Death Valley National Park

Death Valley National Park
Death Valley National Park is located close to the borders of Arizona and Nevada, but in terms of its flora, fauna, historical importance, and beauty, it is pure California in its ability to wow the visitor. The largest of the United States National Parks in terms of sheer space, Death Valley is nonetheless relatively uncrowded and filled with interesting areas to explore. A visit here can fill an entire week!

The area is historically important because of the borax deposits which were mined from 1883 to 1889. Borax is a mineral used in detergents, cosmetics, and fiberglass, as well as other industrial creations. Found in the California and Nevada deserts, borax became famous because of the “Twenty Mule Borax Teams” which were used to move the crystals from the Harmony Borax Works in Death Valley to the railroad depot in Mojave, an arduous ten day journey. Visual advertising by this company became part of the national archetype of the American West. “Death Valley Days,” a radio show which began in the 1930’s and moved to television in 1952, further cemented this connection. A visit to the park will no doubt bring to mind images from one of these historical origins.

There is much to see at Death Valley. Most first-time visitors begin at the Visitor Center in the Furnace Creek area, where there are exhibits, a bookstore, a film, and evening programs. Beyond the center, there are scenic drives and viewpoints at Zabriskie Point, the original Harmony Borax Works (with preserved ruins, a wagon, and an interpretive trail), and scenic drives through places with names like Twenty Mule Team Canyon, Artist’s Drive, and the Devil’s Golf Course. Hiking can be found at Golden Canyon.
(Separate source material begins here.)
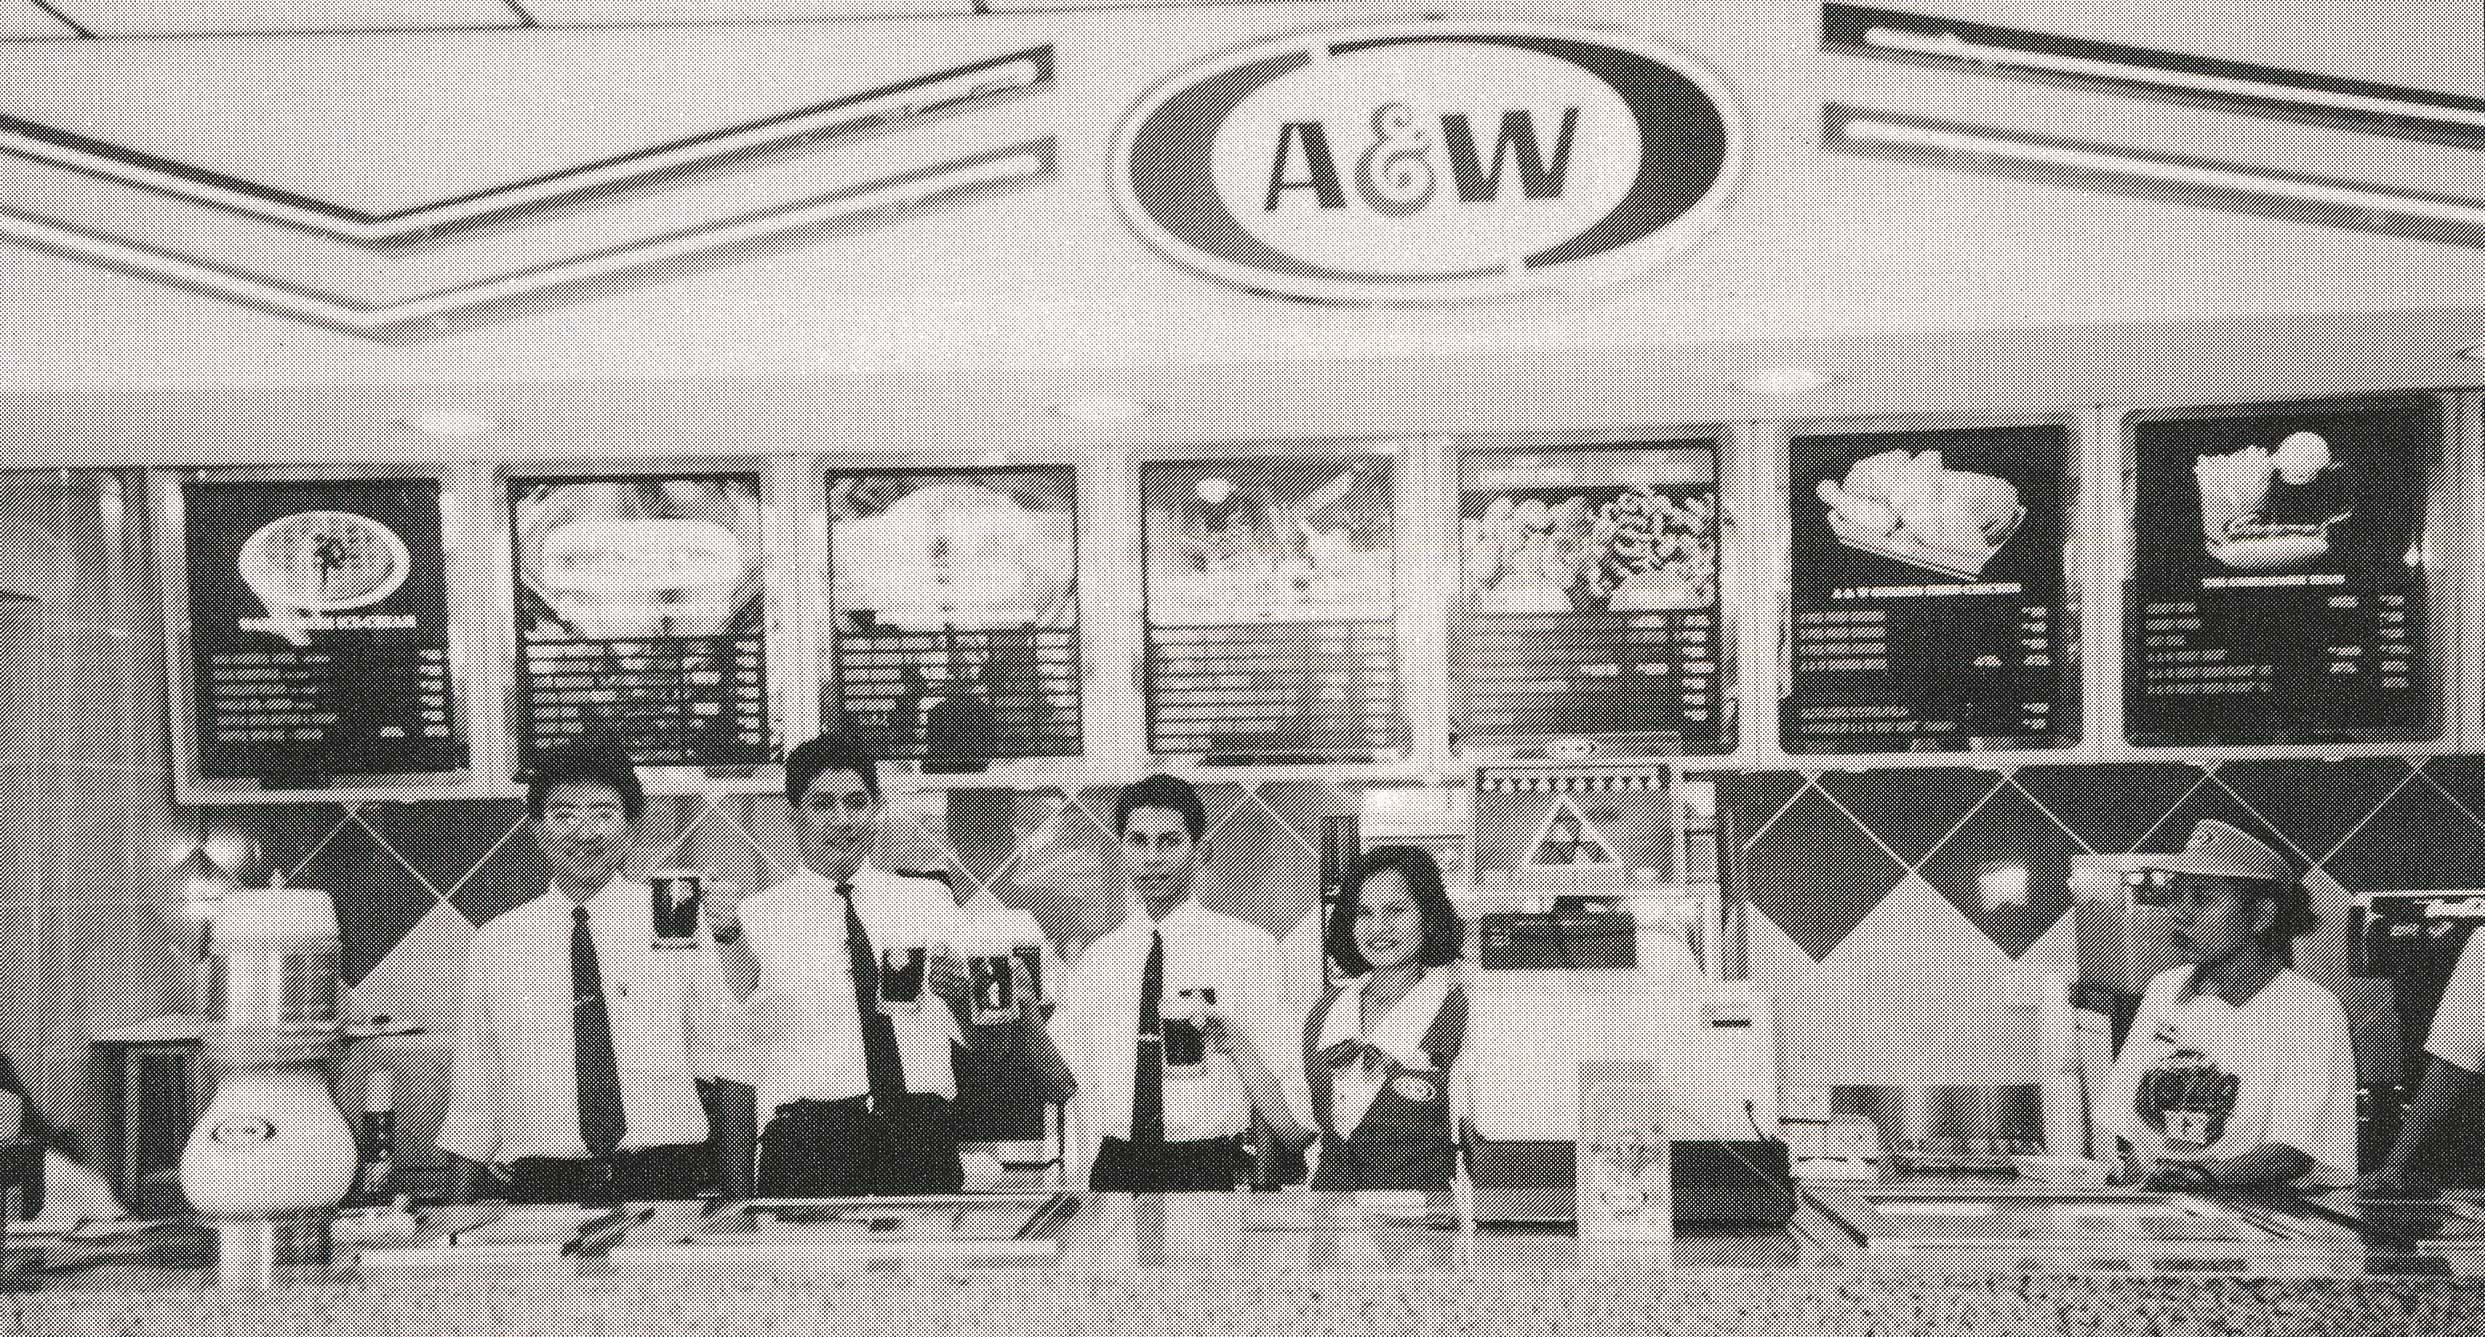 Malaysian A&W Restaurant crew, 1960s

Beyond Furnace Creek, the Stovepipe Wells area beckons with the Mesquite Flat Sand Dunes, nearly one hundred feet of shifting sand. This is a fun area for play, and the photo opportunities are incredible. Close by, Mosaic Canyon offers single-file hiking and rock scrambling through tall marble walls. The Salt Creek area is home to a rare pupfish, best viewed during the spring via a short boardwalk. Titus Canyon contains a ghost town in addition to more geological beauty.

Death Valley has an extensive bird list, and those interested in adding to their life lists will find plenty to view. The spring offers both nesting sites and migratory visits from a number of species; in the fall, migration again brings many different birds to the park. Hiking and backpacking are also popular activities for those wanting to see the terrain on foot.
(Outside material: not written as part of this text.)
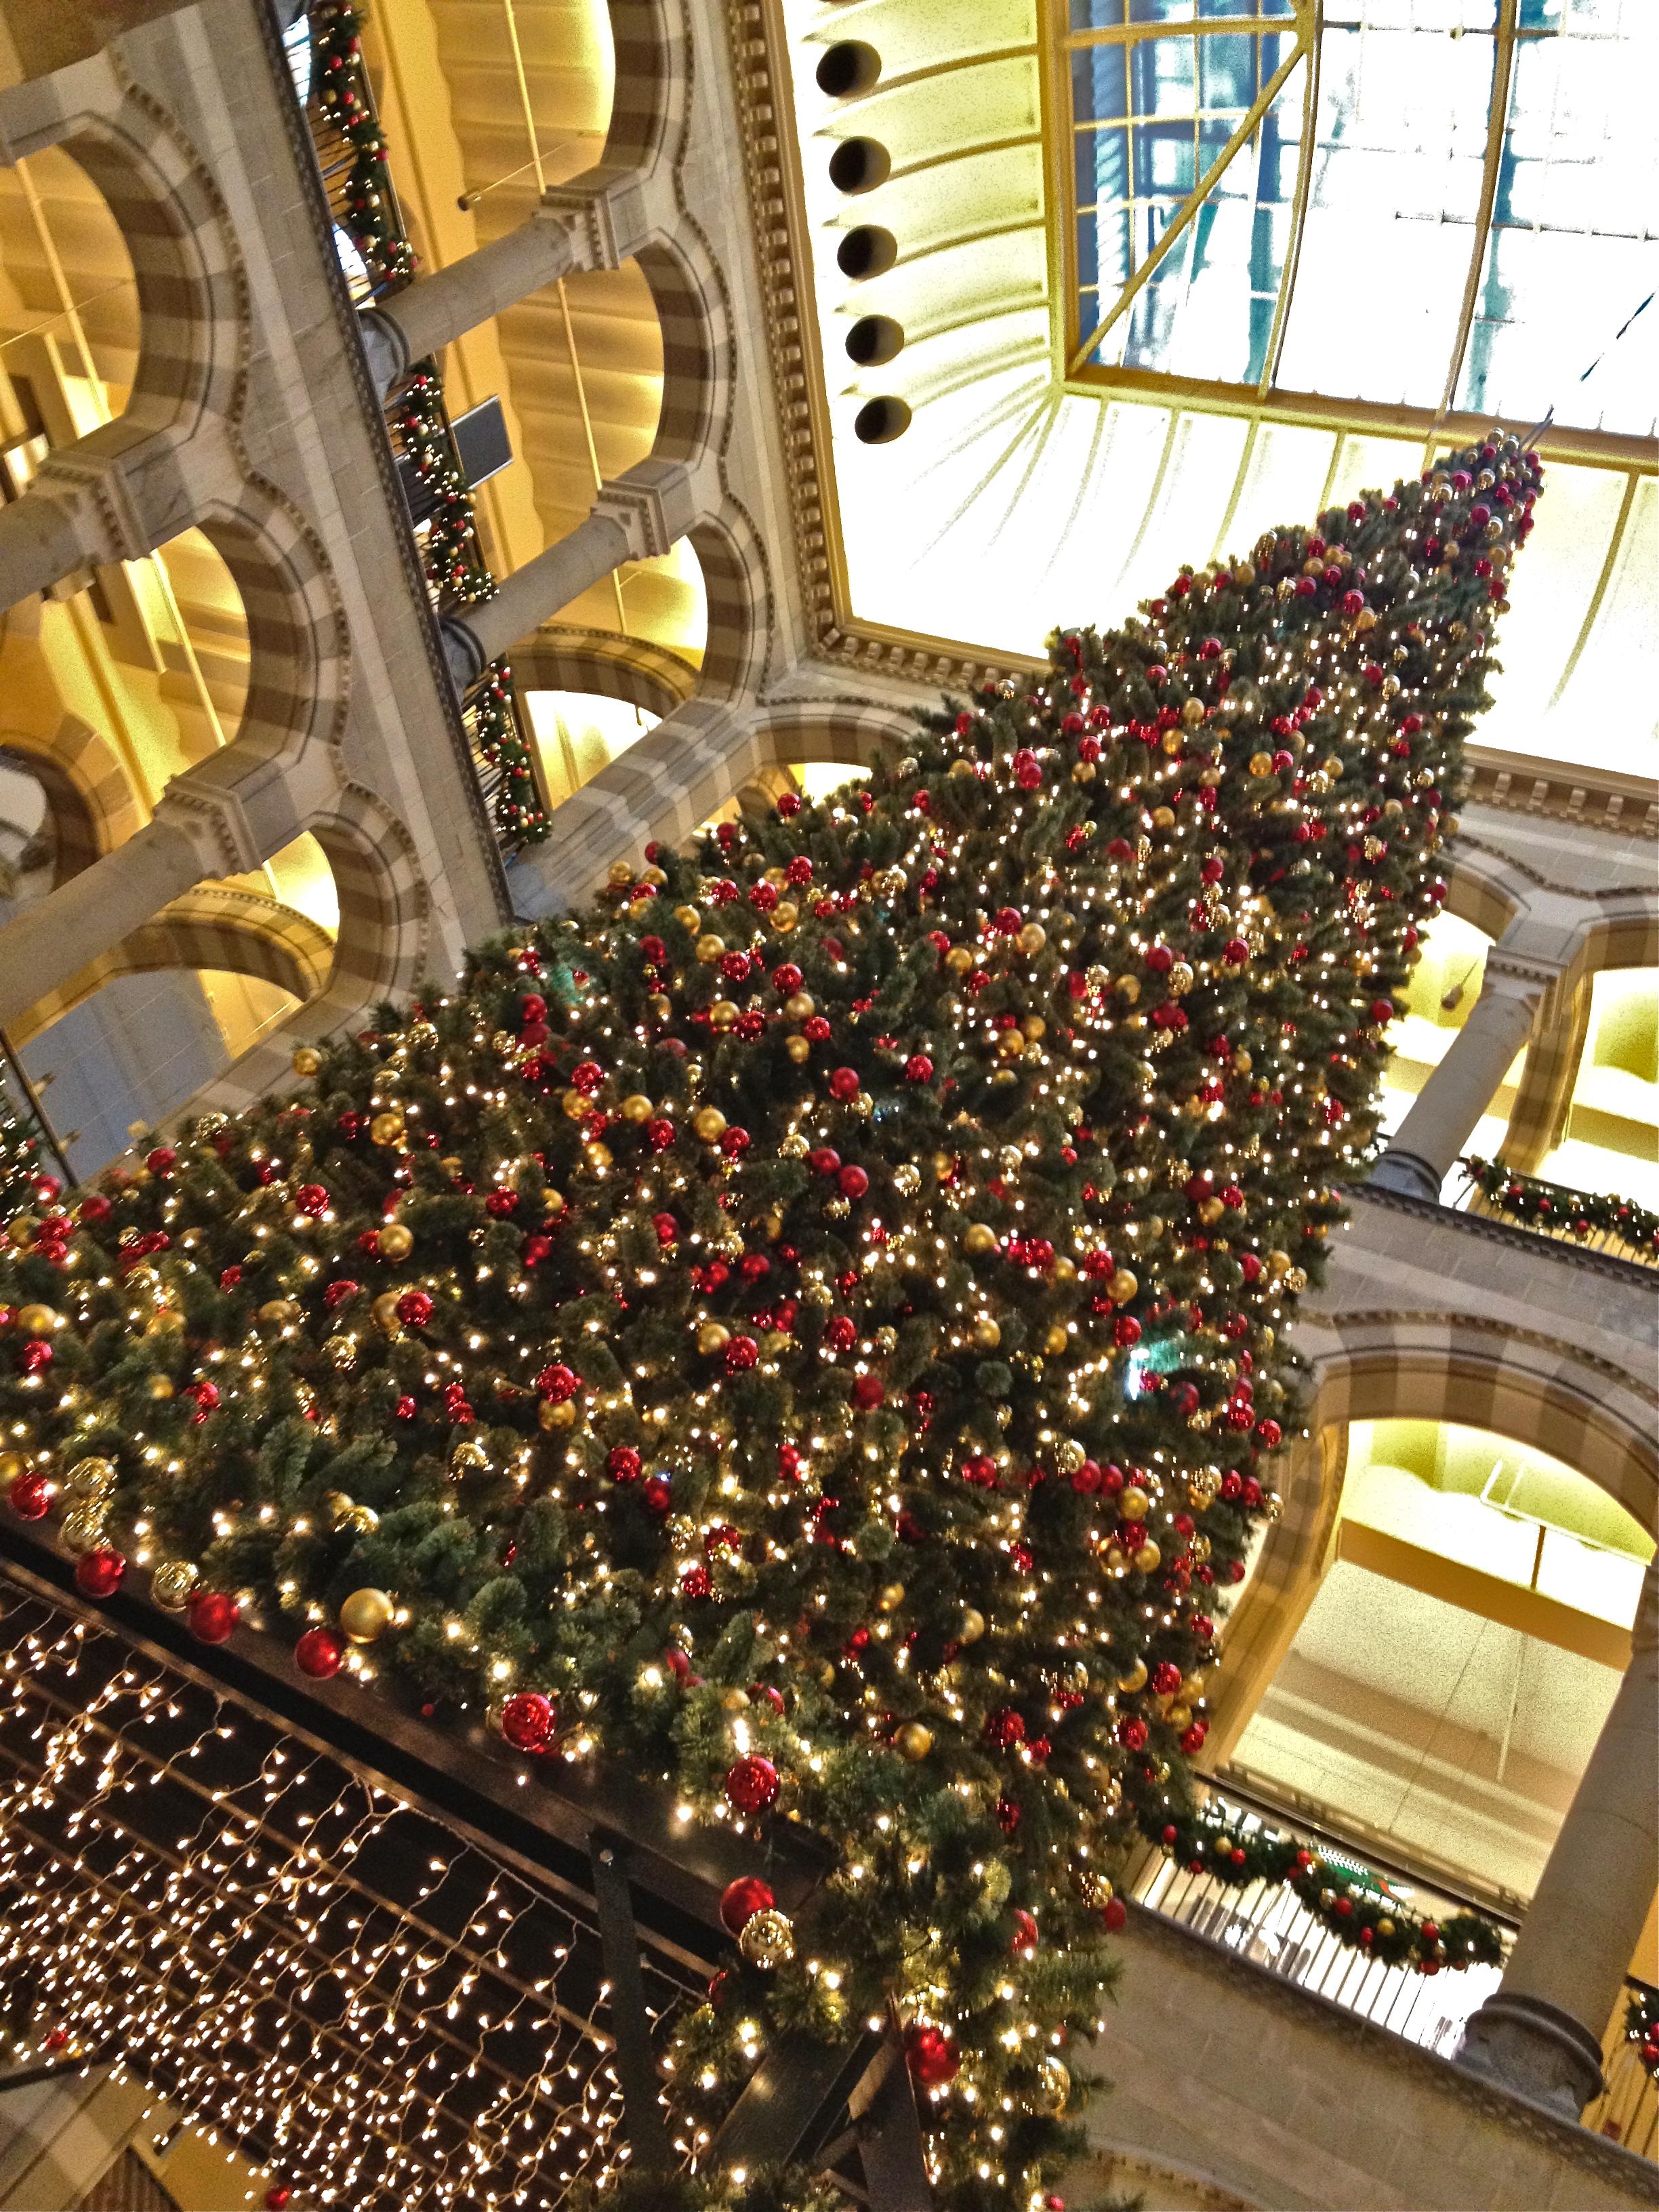 httpsmarkjwallisfileswordpresscom201112sh - Christmas Tree Shopping

The National Park Service offers guided tours during the winter, including paleontological excursions for those interested in the pre-historic history of the area. It also sponsors star parties for those who wish to take advantage of the remote and dark setting and view the universe with a knowledgeable guide. Those interested should check the ranger program schedules.

There are nine campgrounds within the park, as well as four lodges at varying price points. The Furnace Creek Inn is only open during the winter; Stovepipe Wells Village, Furnace Creek Ranch, and the Panamint Springs Resort are open all year. There are restaurants at each of the lodges.

Because of the isolation and wildness of the area, it is important to observe safety precautions. The area is extremely dry and usually hot; visitors must carry water. Plan on doing a fair amount of driving, and steer clear of rodents carrying hantavirus. Not all of the residents are friendly towards visitors; the NPS cautions against trespassing on areas used in the cultivation of marijuana. Above all, remember that cell phones do not work this far from civilization, and do not depend on them for safety.